Большинство судей в деле о компьютерных данных сочло, что нарушение приобретает более вопиющий характер в силу того, что некоторые данные, выбранные для анализа (такие, как религия и происхождение) являются факторами, на основании которых абзац 3 статьи 3 Основного закона запрещает дискриминацию; и что, помимо этого, место проживания является фактором, связанным с правом на неприкосновенность жилища, предусмотренным абзацем 1 статьи 13. А Э. Хаас, например, сочла эти ссылки неубедительными и не относящимися к делу. В пользу такого подхода можно привести один убедительный аргумент. Утверждение о том, что основные права создают вокруг себя некую «зону полутени» — сферу, где право не применяется, но все-таки имеет определенную силу, — и что пересечение такой зоны с «зоной полутени» другого права может привести к нарушению права, ведет к состоянию
неопределенности. Возможность ссылаться на основные права в ситуациях, которые имеют к ним совсем не значительное отношение, может дискредитировать саму идею основных прав.

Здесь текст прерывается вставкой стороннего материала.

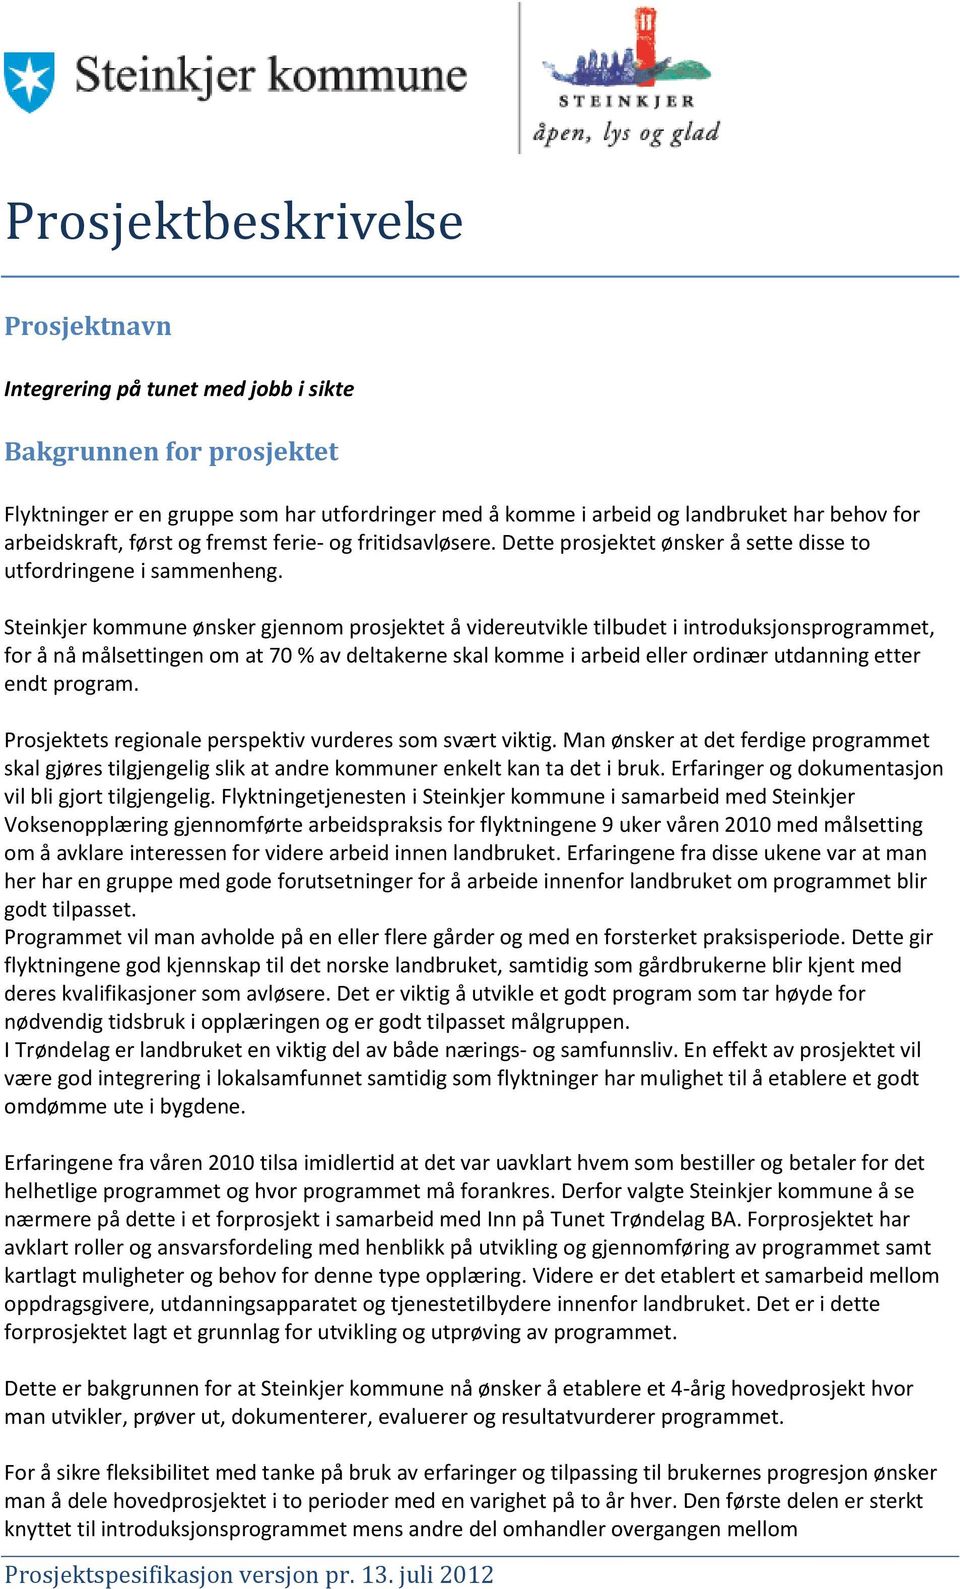 Steinkjer kommune ønsker gjennom prosjektet å videreutvikle tilbudet i introduksjonsprogrammet, for å nå målsettingen om at 70 % av deltakerne skal komme i arbeid eller ordinær utdanning etter endt

Важным представляется вопрос о том, какие ограничения могут быть наложены на государство в отношении того огромного количества персональных компьютерных данных, которые были им накоплены в последние годы. Если снова обратиться к примеру Великобритании, то Закон о защите данных 1998 года регулирует обработку81 таких данных и применим к некоторым видам информации, находящейся в распоряжении государственных органов (статья 1). Некоторые данные относятся к «персональным данным деликатного свойства», в частности данные о расе или этническом происхождении, а также вероисповедании (статья 2). Согласно первому принципу защиты данных, изложенному в этом законе82, обработка данных должна отвечать требованиям справедливости и законности. По общему правилу, обработка данных о лице возможна, только если лицо выразило на это свое согласие, однако установлен ряд исключений, например, в случае исполнения полномочий Короны, министра Короны, иных министров83. Согласно второму принципу обработки данных84, сбор личных данных возможен, только если это необходимо для достижения законной цели, а их обработка не может производиться способом, не совместимым с такими целями. Выделяются категории данных, на которые указанное требование не распространяется, например, в части, касающейся обеспечения национальной безопасности (статья 28). В любом случае, поскольку британское правительство продемонстрировало свое намерение позволить расширение масштабов обмена данными между государственными органами85, кажется маловероятным, что в Великобритании будет установлено какое бы то ни было правовое ограничение в отношении компьютерного анализа данных, подобное тому, которое представлено в решении Федерального конституционного суда Германии. Конечно, возможно введение каких-то ограничений в соответствии со статьей 8 европейской Конвенции о защите прав человека и основных свобод, устанавливающей право на личную жизнь.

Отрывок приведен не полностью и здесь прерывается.